# surly troll or ogre for 650b build



## charliej (Jul 23, 2014)

troll or ogre for 650b bike packing build


----------



## bikeny (Feb 26, 2004)

Need more info!


----------



## Rob_E (Nov 22, 2010)

I would say Troll. I'd be cautious about taking a 29er and putting smaller tires on it, even if only slightly smaller, and bringing everything that much closer to the ground. But I've run 26 and 700 on my Troll, and I know it handles both just fine.

On the other hand, it might depend on how fat you plan to go. If you're going to push the boundaries of what fits, you'll probably do a little better with an Ogre, and, with a fatter tire, you're really not changing the diameter of your tire that much from the standard 29er. If you're going for something a little narrower, say around or under 2", I'd stick with the Troll.


----------



## leeboh (Aug 5, 2011)

Umm, instigator and Karate monkey are 27.5s Troll is 26 and ogre is 29".


----------



## Rob_E (Nov 22, 2010)

leeboh said:


> Umm, instigator and Karate monkey are 27.5s Troll is 26 and ogre is 29".

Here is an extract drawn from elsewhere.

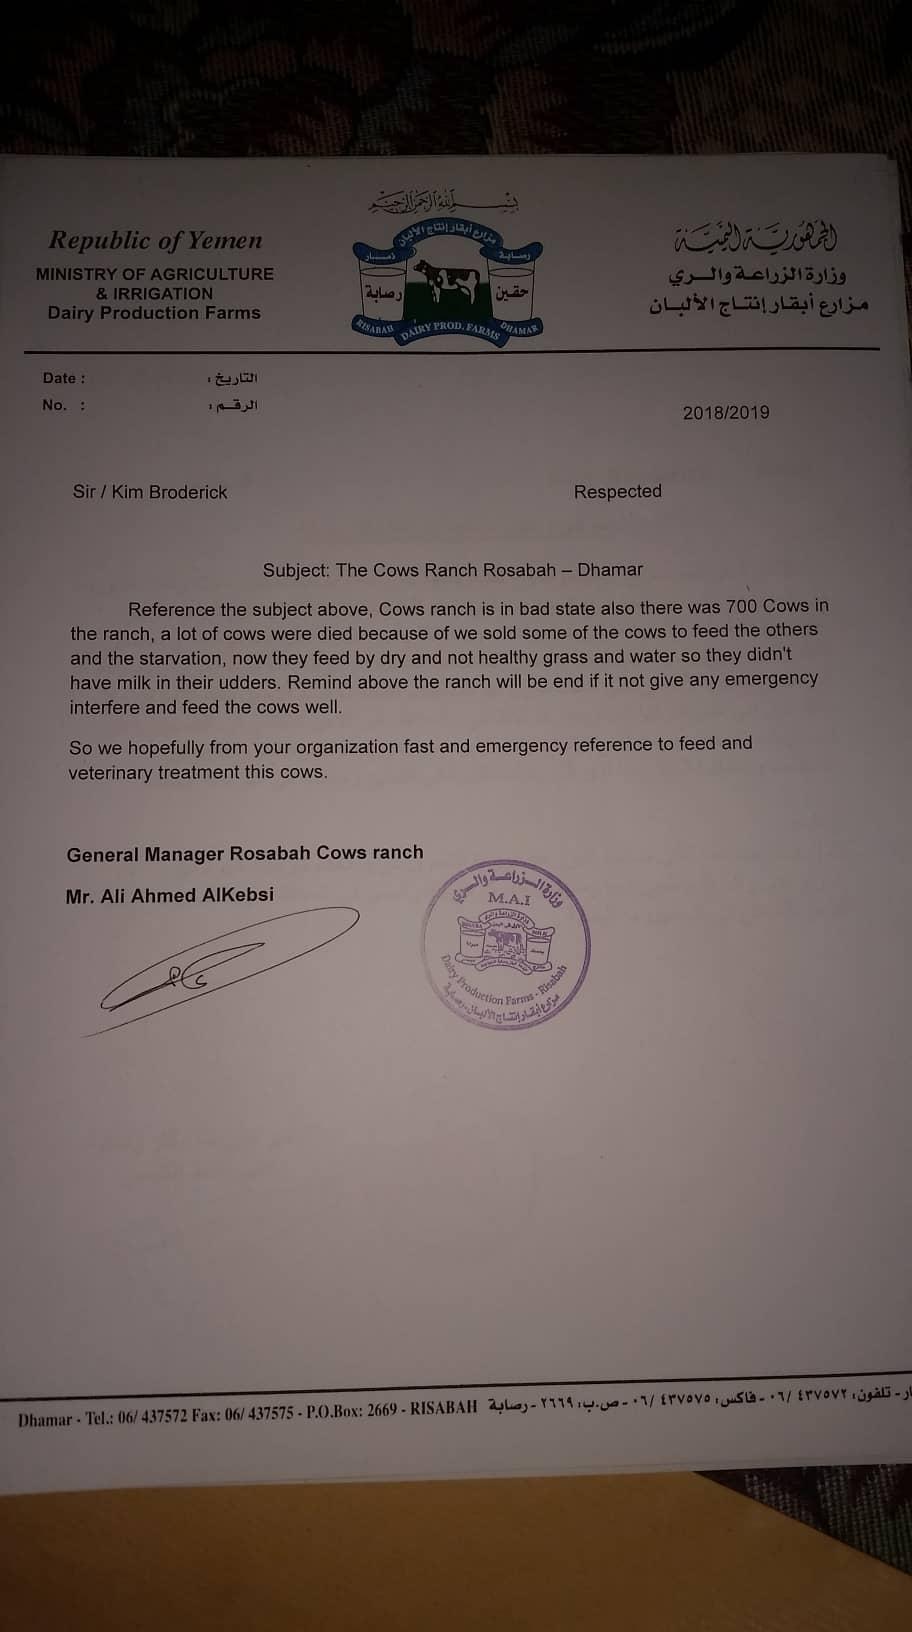 Dhamar rosabah farm letter of Request for relief aid assistance 4 Nov 2018 for OWAP AR Hisham Al hoot visit.jpg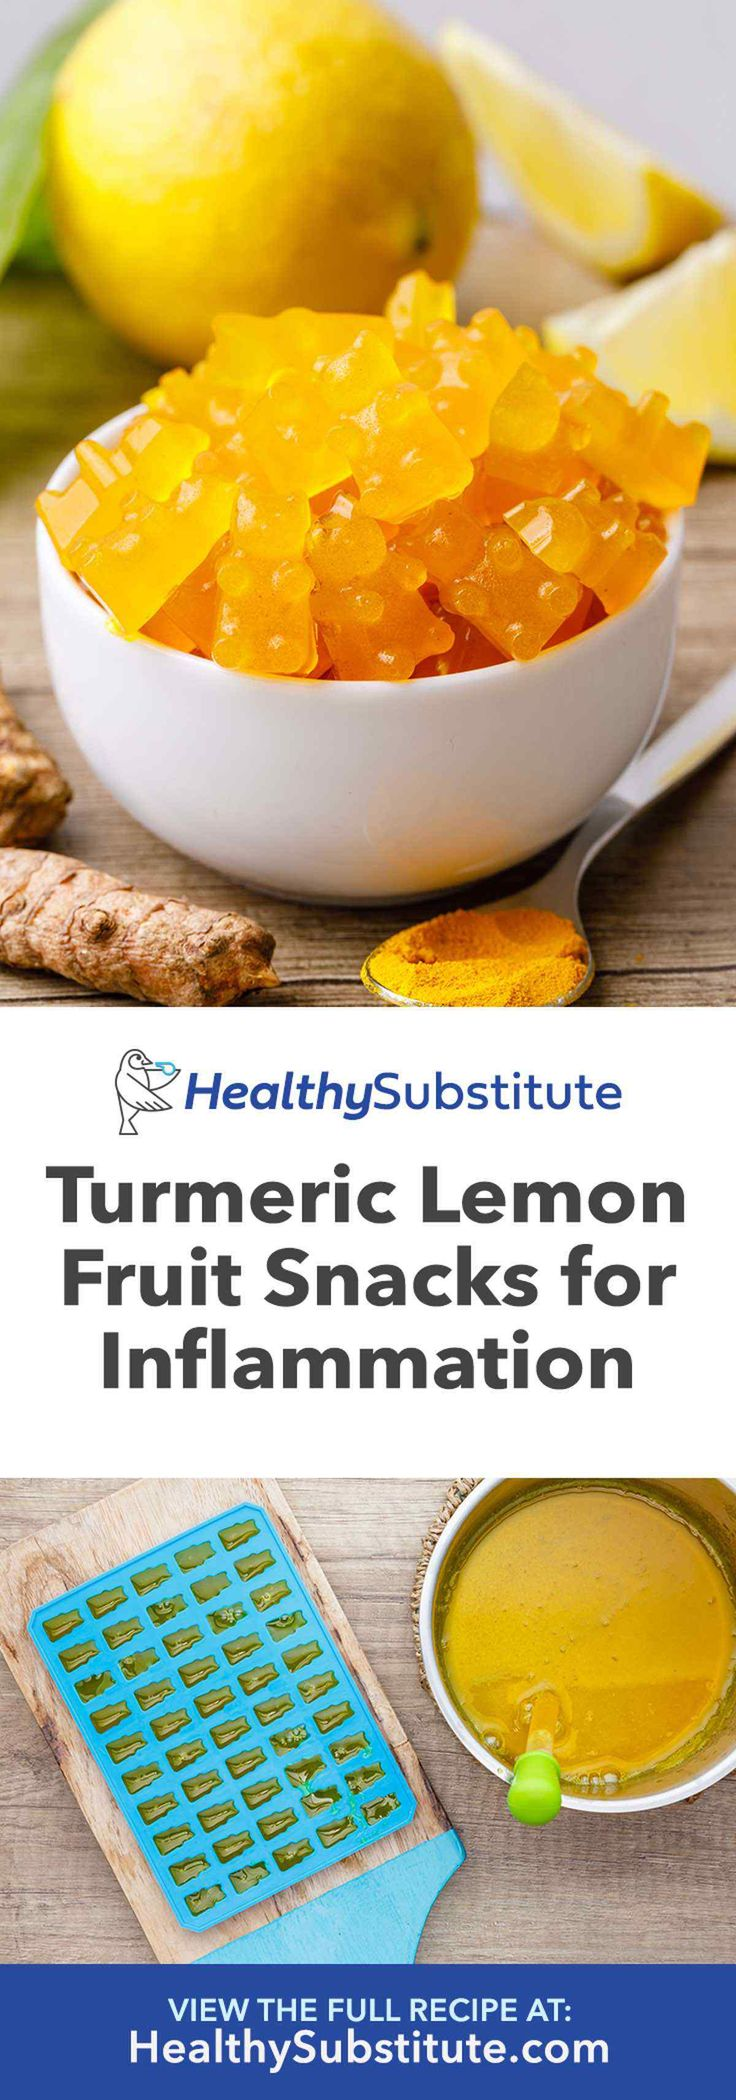 Anti-Inflammatory Turmeric Lemon Fruit Snacks – Healthy Substitute

Sure, but if you're building it yourself, you can put any wheels on it. May not work, but that's a different issue. When I got my Troll frame, I hadn't built up my 26" wheels yet, so I got it running by taking the 700c wheels off of my touring bike. Rode that bike as 700c bike for a few months, and, for a few weeks, with a 700c front and 26" rear wheel. Worked fine. The reason I recommend the Troll for this is that it can handle a variety of wheel sizes.


----------



## leeboh (Aug 5, 2011)

Sure it will work, but not ideal. OP, tire size/width planning on using? Look at trail, rake and bb drop for some issues.


----------



## Rob_E (Nov 22, 2010)

leeboh said:


> Sure it will work, but not ideal. OP, tire size/width planning on using? Look at trail, rake and bb drop for some issues.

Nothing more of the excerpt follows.